Before it was released, British pop singer Lily Allen’s first album in five years, “Sheezus,” had been the subject of several controversies.
One involved the song “Insincerely Yours,” which lobbed insults at harmless British models Cara Delevingne and Jourdan Dunn, and singer Rita Ora.
“I don’t give a f–- about Delevingne / Or that Rita girl / About Jourdan Dunn,” Allen trilled pleasantly. “I don’t give a f–- about your Instagram / About your lovely house or your ugly kids.”
Dunn took exception and engaged Allen in the sort of pre-release-day Twitter spat marketing departments dream of. “Insincerely Yours” is a low point on “Sheezus,” which is otherwise a tar pit of thinly veiled insults, songs that evoke Vampire Weekend and the kind of pointed pop-cultural criticism that has long been Allen’s stock in trade.
Allen got famous during – and thanks to – the brief reign of MySpace at the end of the last decade, releasing two guillotine-sharp pop albums before retreating to marry and have children. “Sheezus” plunders just about every sound that was popular when she departed, including “Paper Planes”-era M.I.A., moombahton and dubstep.
Allen is a modestly regarded musician and a world-class observer of modern culture and its discontents. She was one of a handful of artists making pop music about pop music. She has re-emerged into a world where such self-examination is commonplace, characterized by Lady Gaga’s musings on the nature of stardom, Kreayshawn and Jessie J’s skewering of conspicuous consumption and Ke$ha’s winking party rap.
Hip-hop has always been about hip-hop – its beefs, its lifestyle, its shifting hierarchies. Country music is partially lodged in the swamps of bro-country, in which every hit song about barefoot girls and guys in pickup trucks recalls every other hit song about the same thing.

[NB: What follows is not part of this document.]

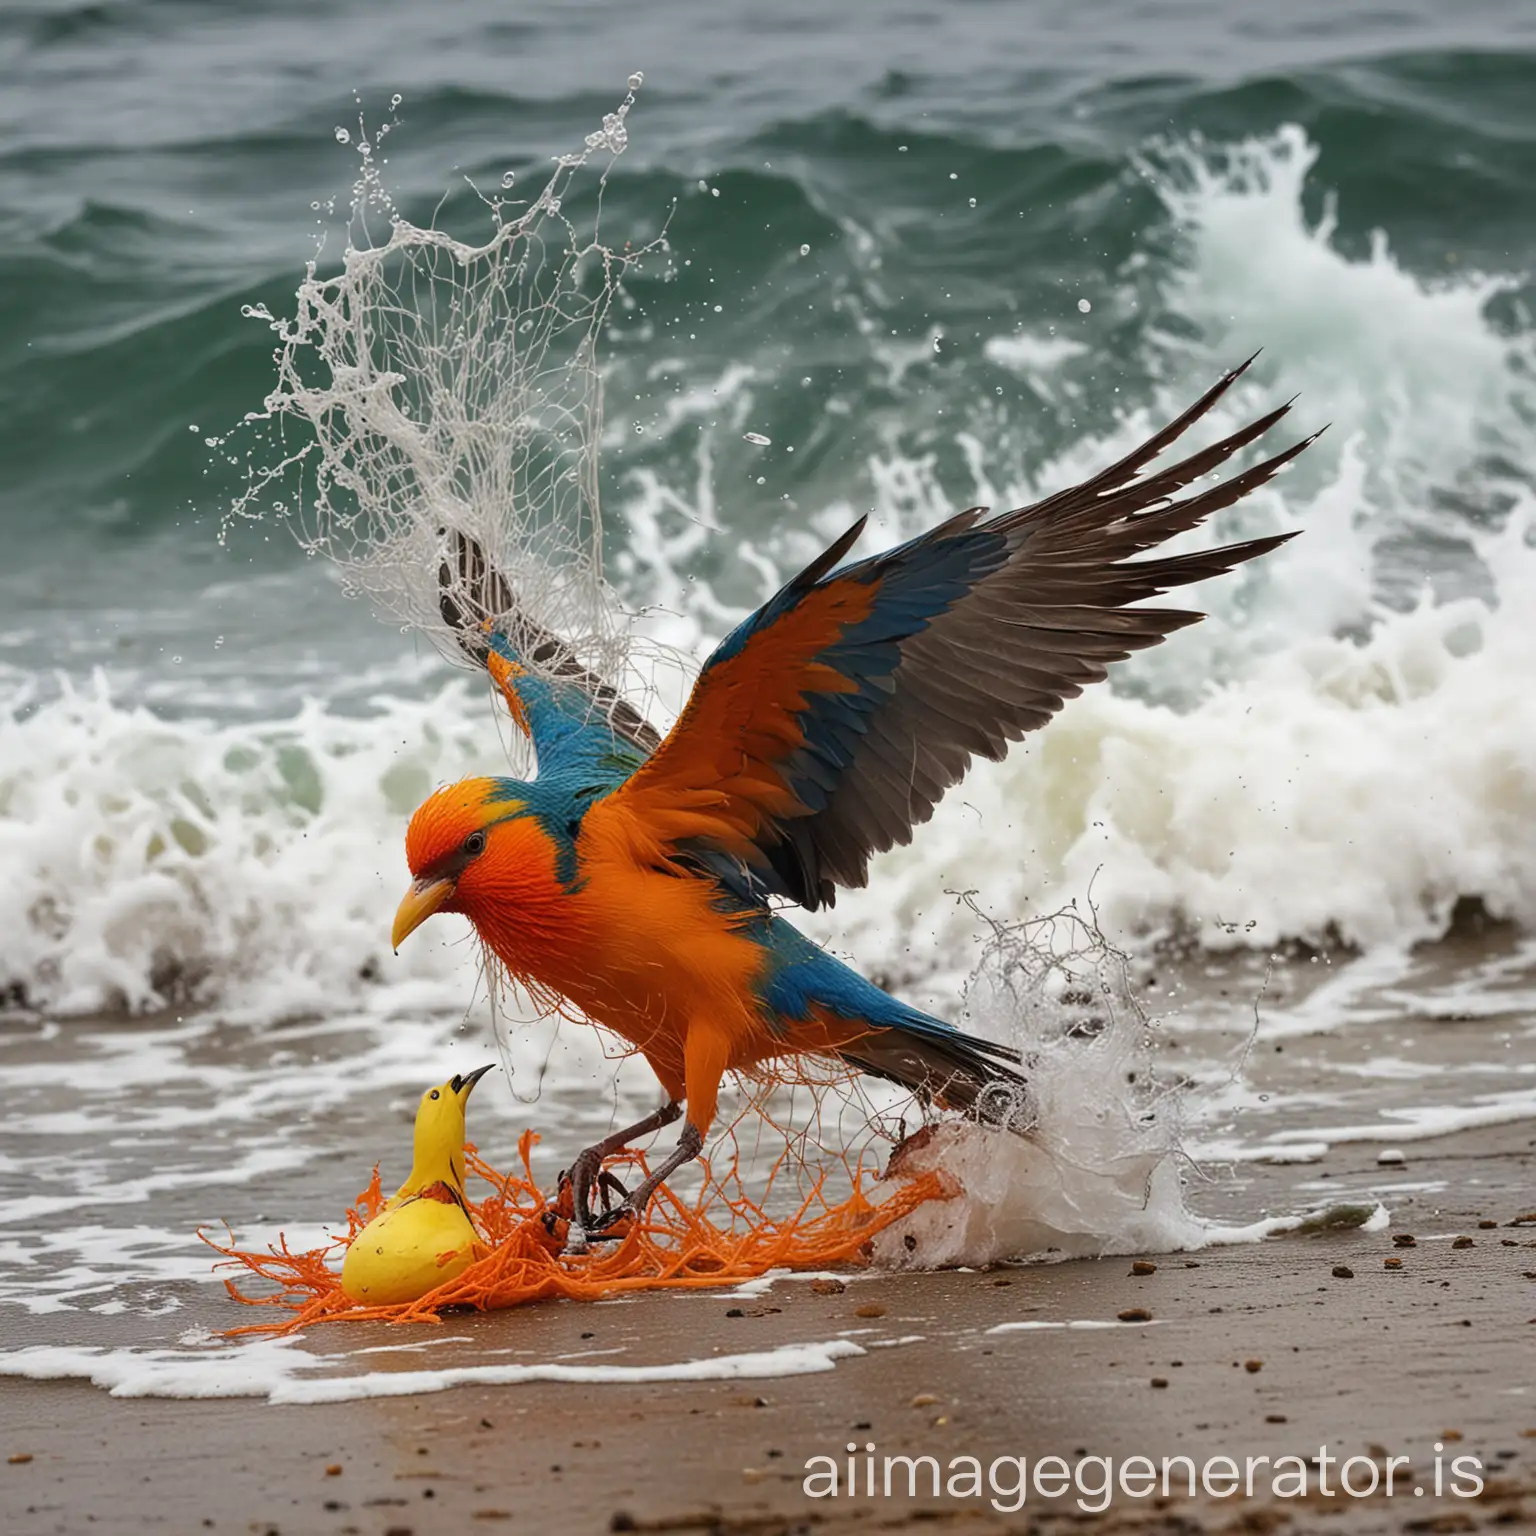 SNAP! The net caught around the colourful  bird's leg. The bird struggled to break free, its cries of pain muffled by the crashing waves. Finally, with a desperate surge of energy, it managed to free itself and surfaced, gasping for air.

Pop’s meta moment may have peaked with the ascent of Lorde, whose breakout hit, “Royals,” took aim at some of Allen’s favorite targets – the excesses of hip-hop, the disconnect between real life and the fantasy of pop songs – but Lorde used a scalpel, and Allen uses an ax.
Allen name checks Lorde on her album’s sing-song title track. Rihanna, Katy Perry and Beyoncé also are mentioned, all rivals whom she must vanquish.
“Sheezus” works best when it’s personal, when it plumbs the conflict between work and family, between the tug of motherhood and the pull of fame. A sometimes uneasy ode to domesticity (“Staying home with you is better than sticking things up my nose,” Allen tells her husband), it’s also the most affecting pop album about marriage and new parenthood since Liz Phair’s long-ago “Whitechocolatespaceegg.”
The idea that Allen makes a better domestic goddess than a cultural observer was previously unthinkable. It could be the once-deft satirist now content to bludgeon has lost her way, or it could be that pop music in the late spring of 2014 is already eating itself.